ASSIGNMENT » Transcribe the material verbatim, starting at its first line and stopping once the line containing "Plage des enfants" has been given; no picture should appear.

DATA BLOCK »
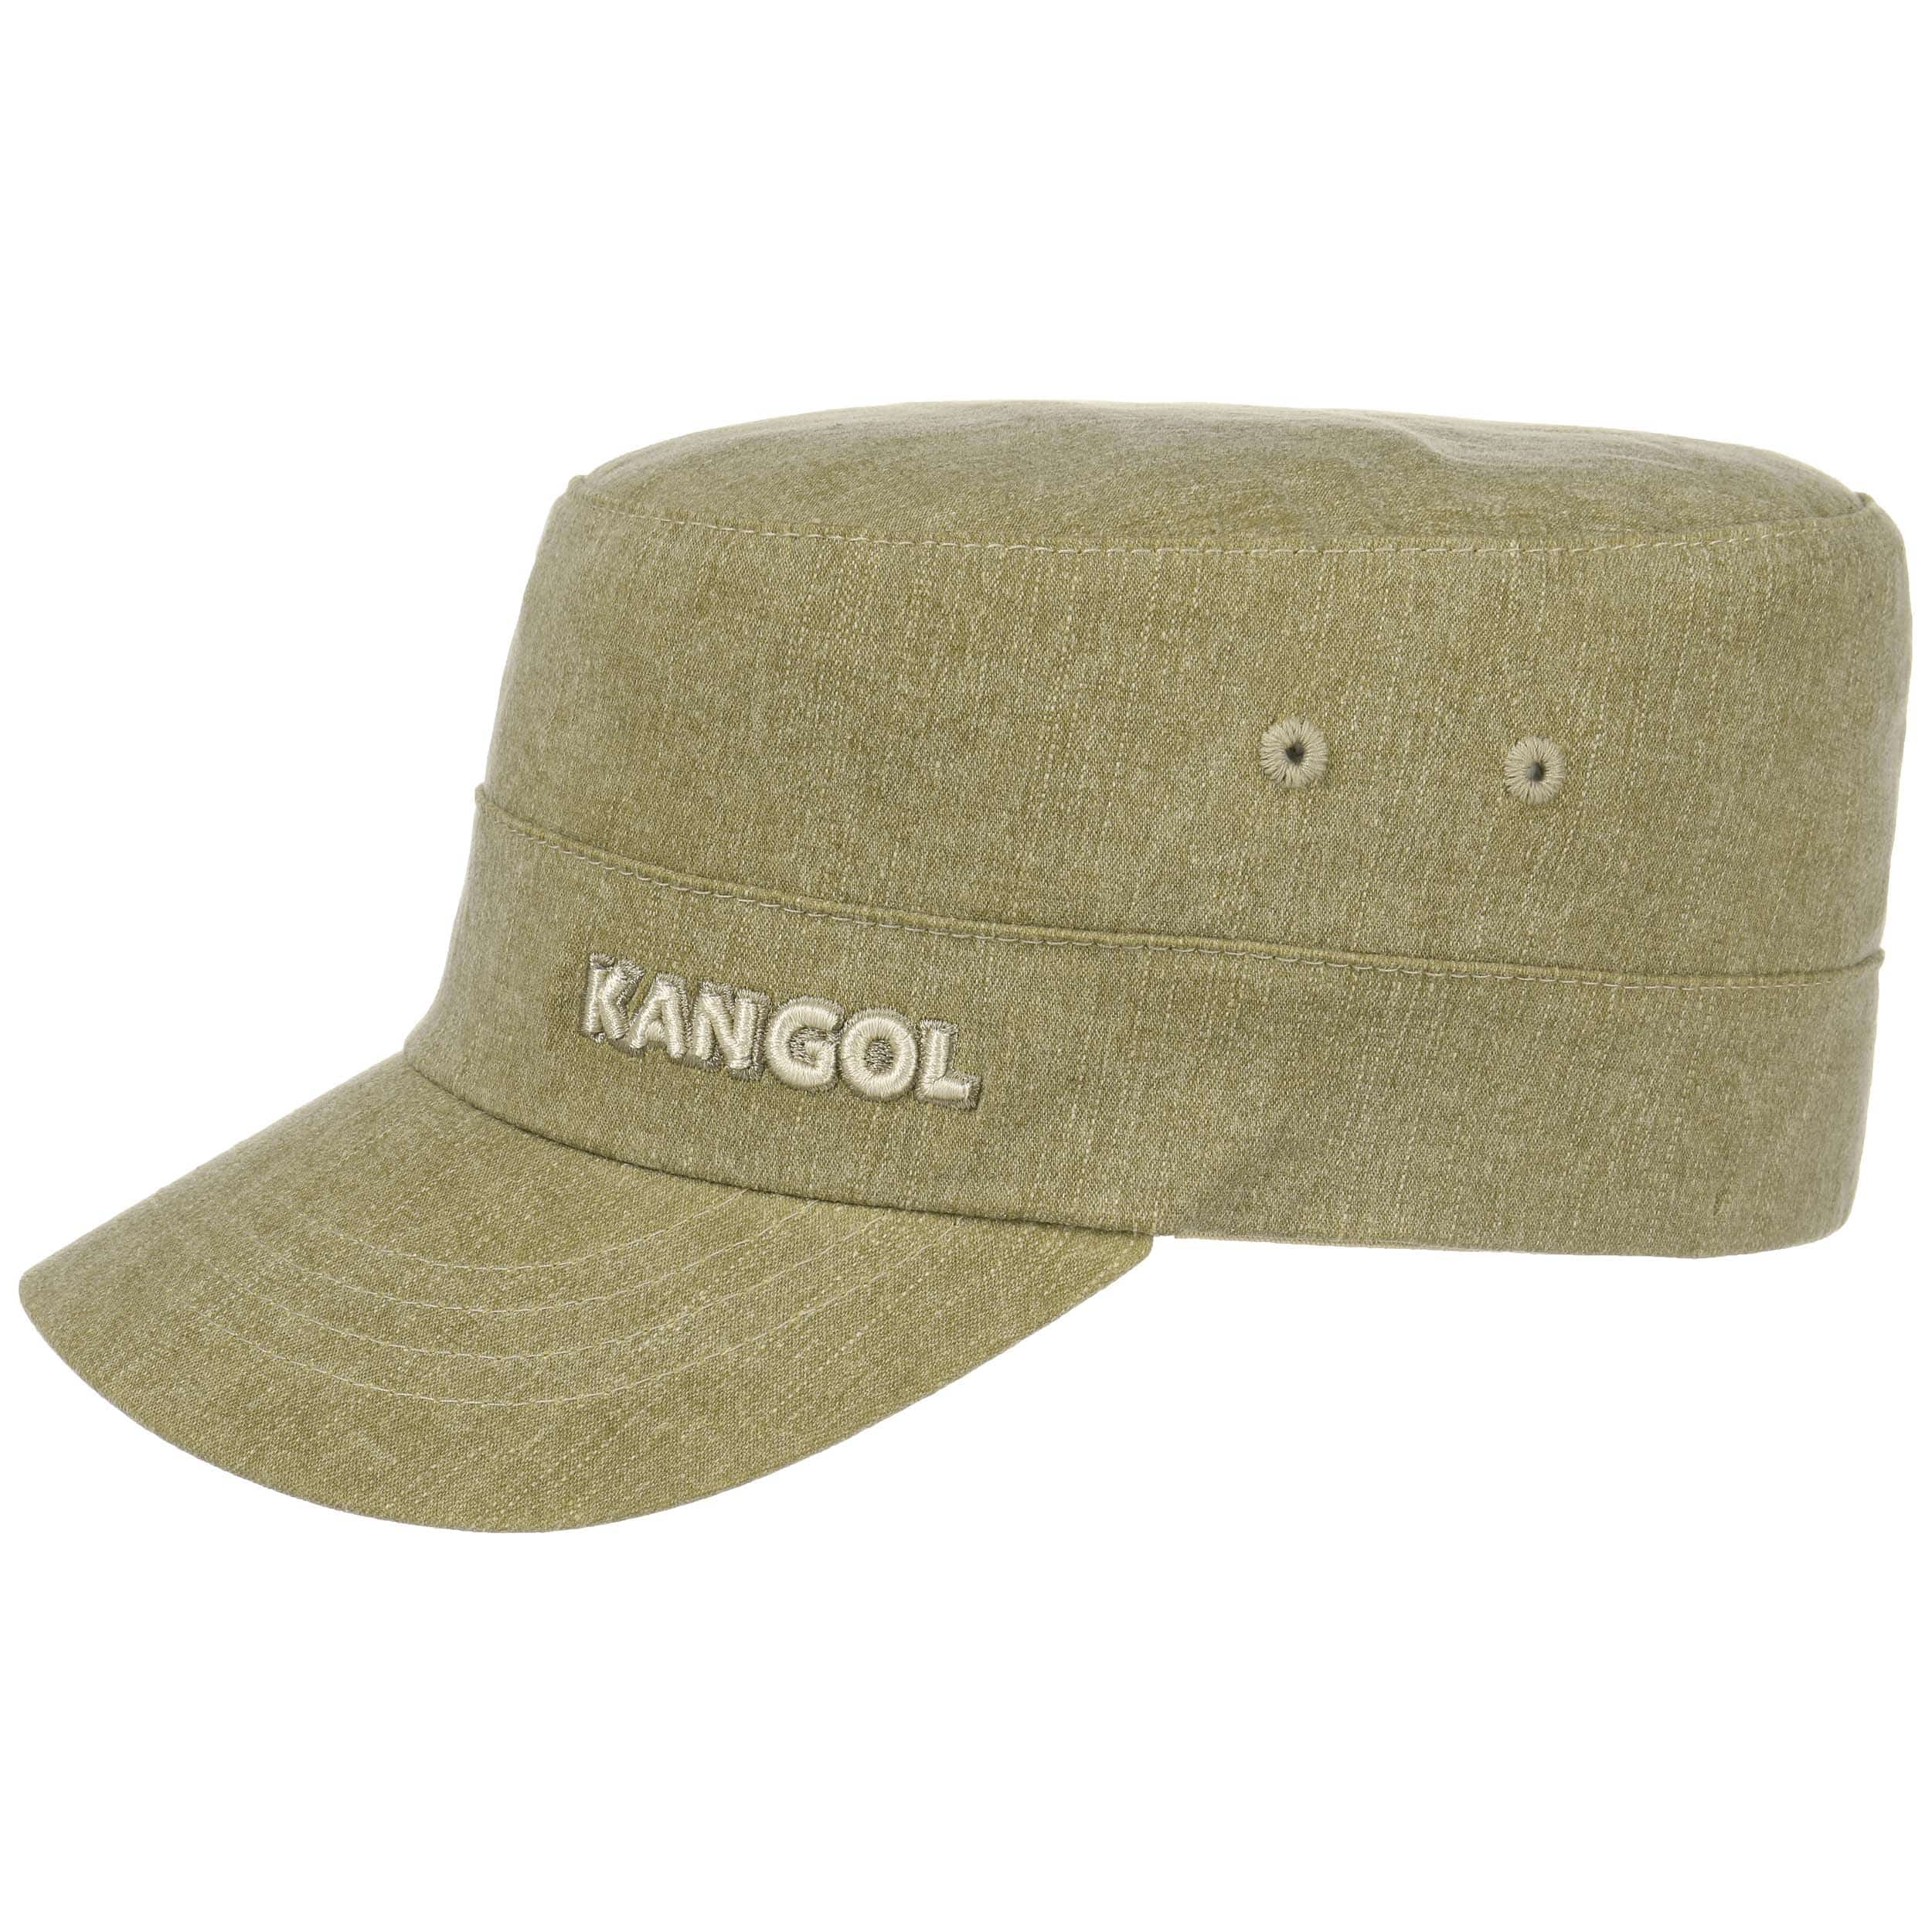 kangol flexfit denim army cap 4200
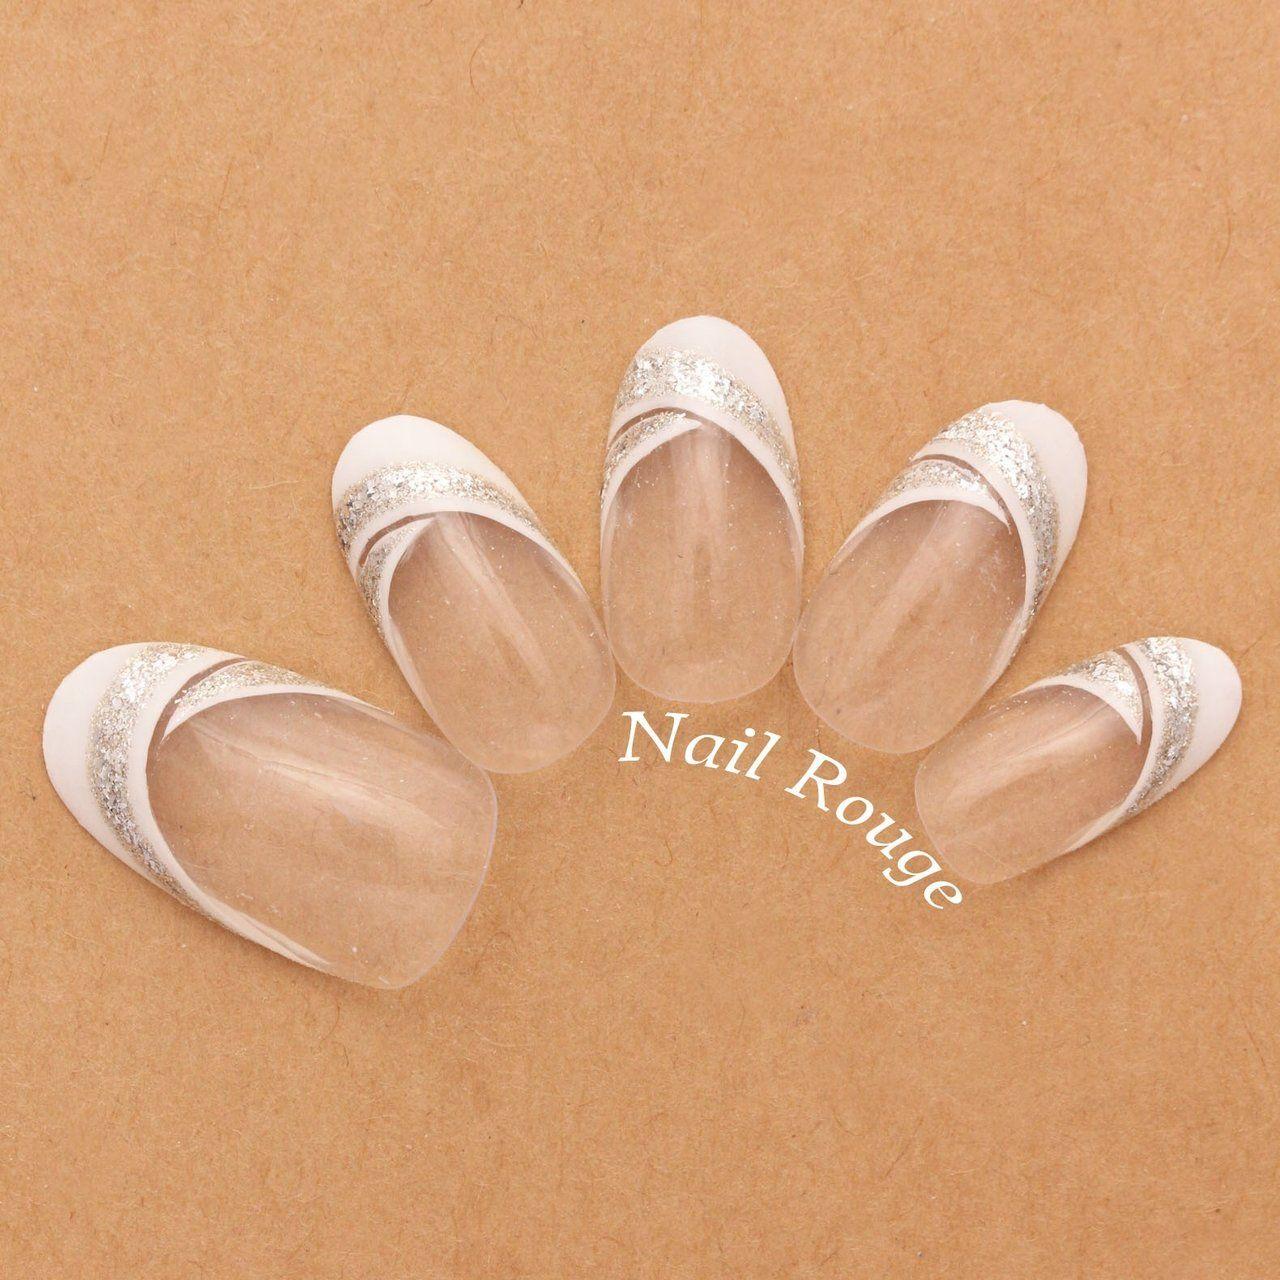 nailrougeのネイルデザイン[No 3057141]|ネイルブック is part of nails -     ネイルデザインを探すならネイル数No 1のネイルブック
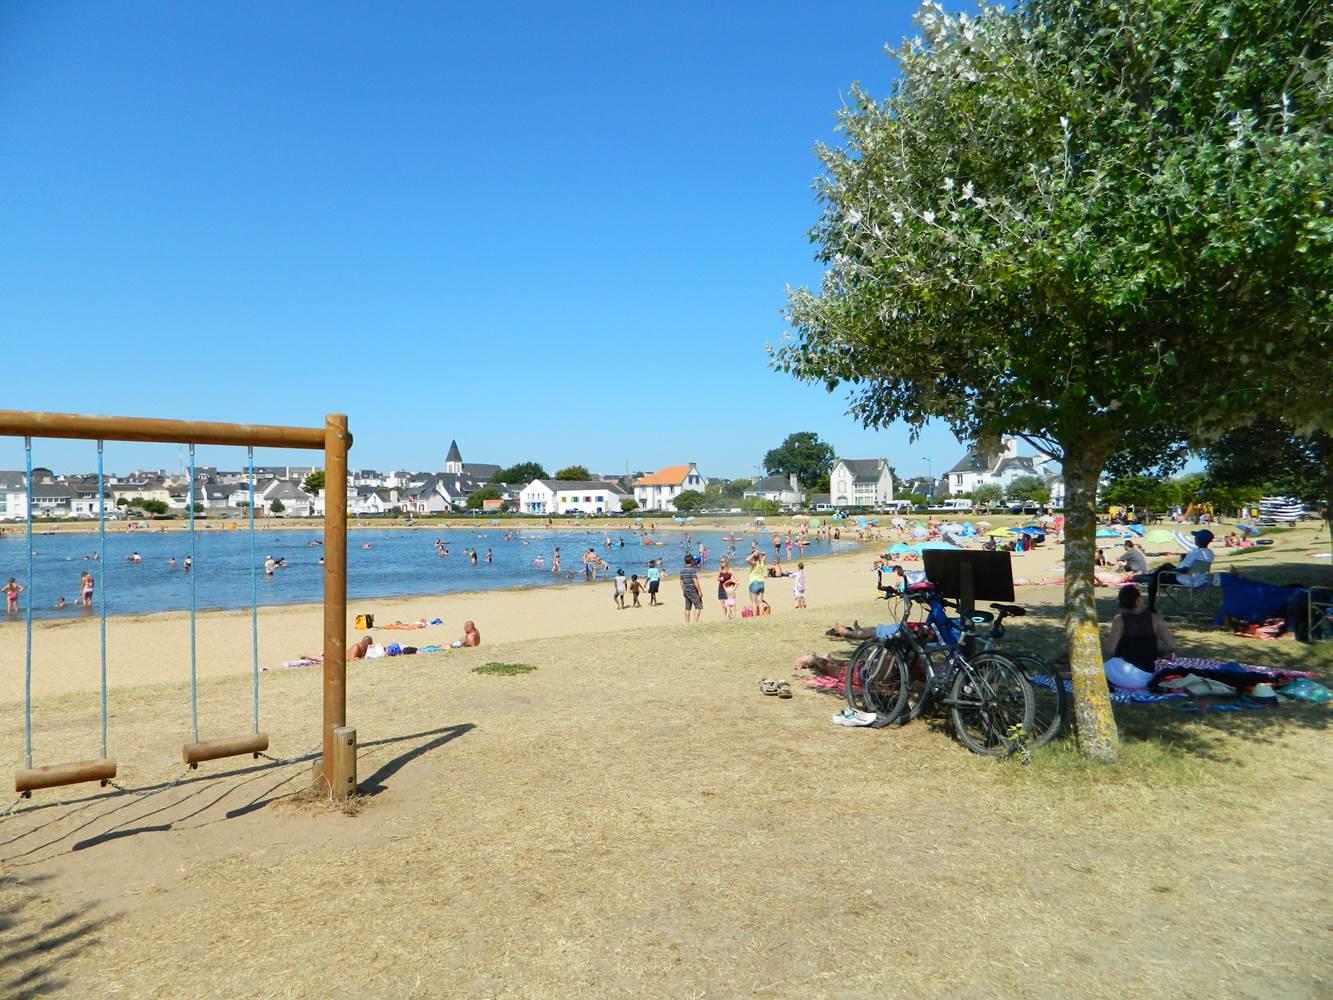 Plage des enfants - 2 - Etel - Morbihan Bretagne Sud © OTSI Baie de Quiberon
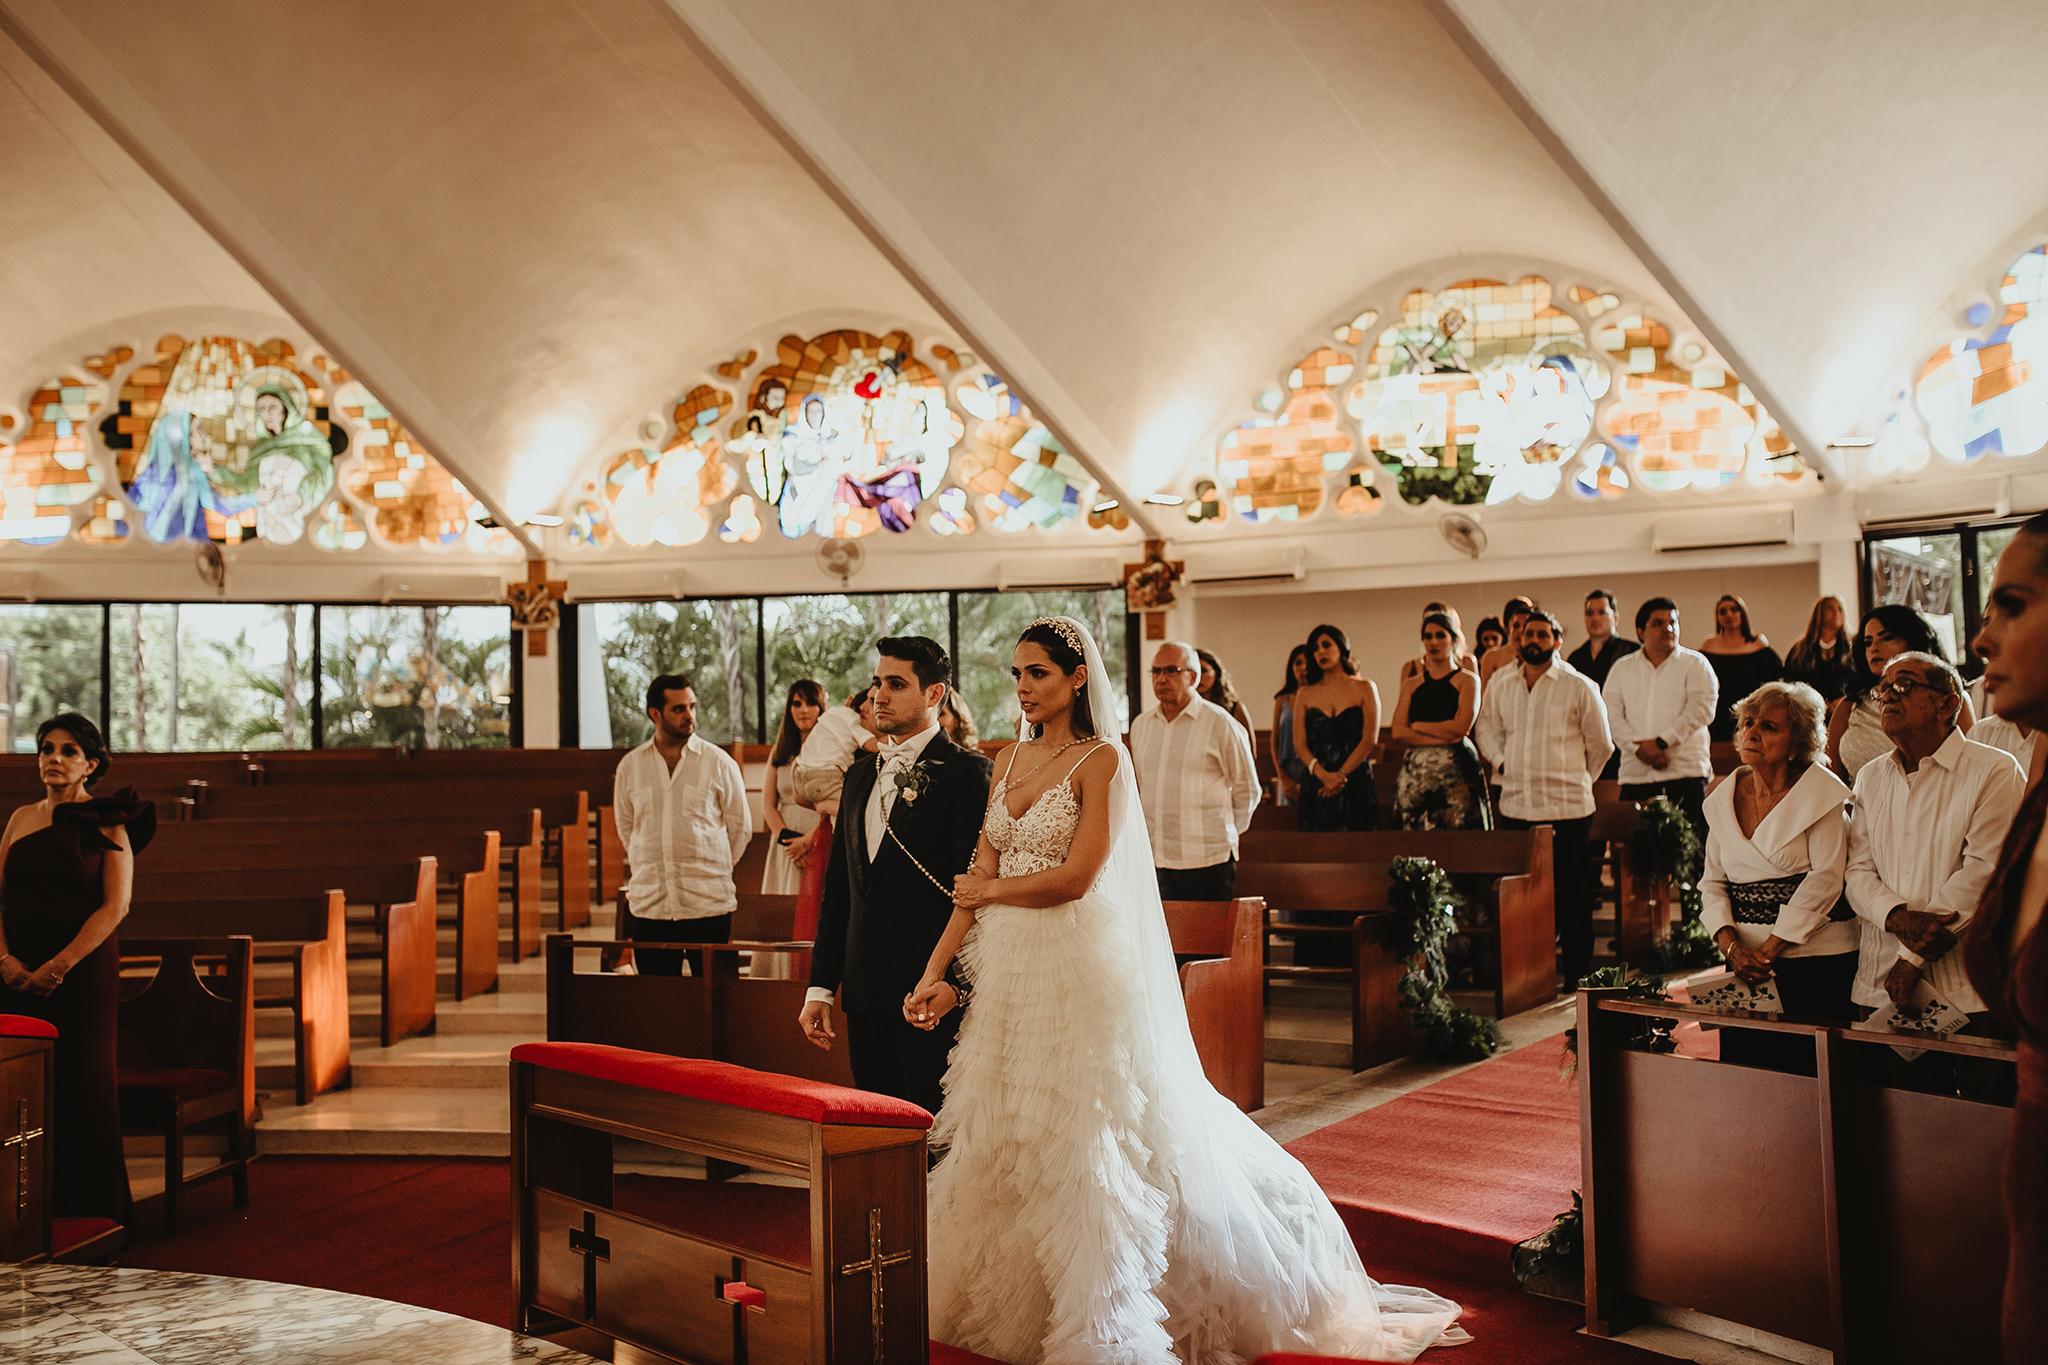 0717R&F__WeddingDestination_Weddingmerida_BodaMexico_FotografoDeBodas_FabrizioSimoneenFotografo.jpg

THE COMPLETED TASK »
 kangol flexfit denim army cap 4200
 nailrougeのネイルデザイン[No 3057141]|ネイルブック is part of nails -     ネイルデザインを探すならネイル数No 1のネイルブック
 Plage des enfants - 2 - Etel - Morbihan Bretagne Sud © OTSI Baie de Quiberon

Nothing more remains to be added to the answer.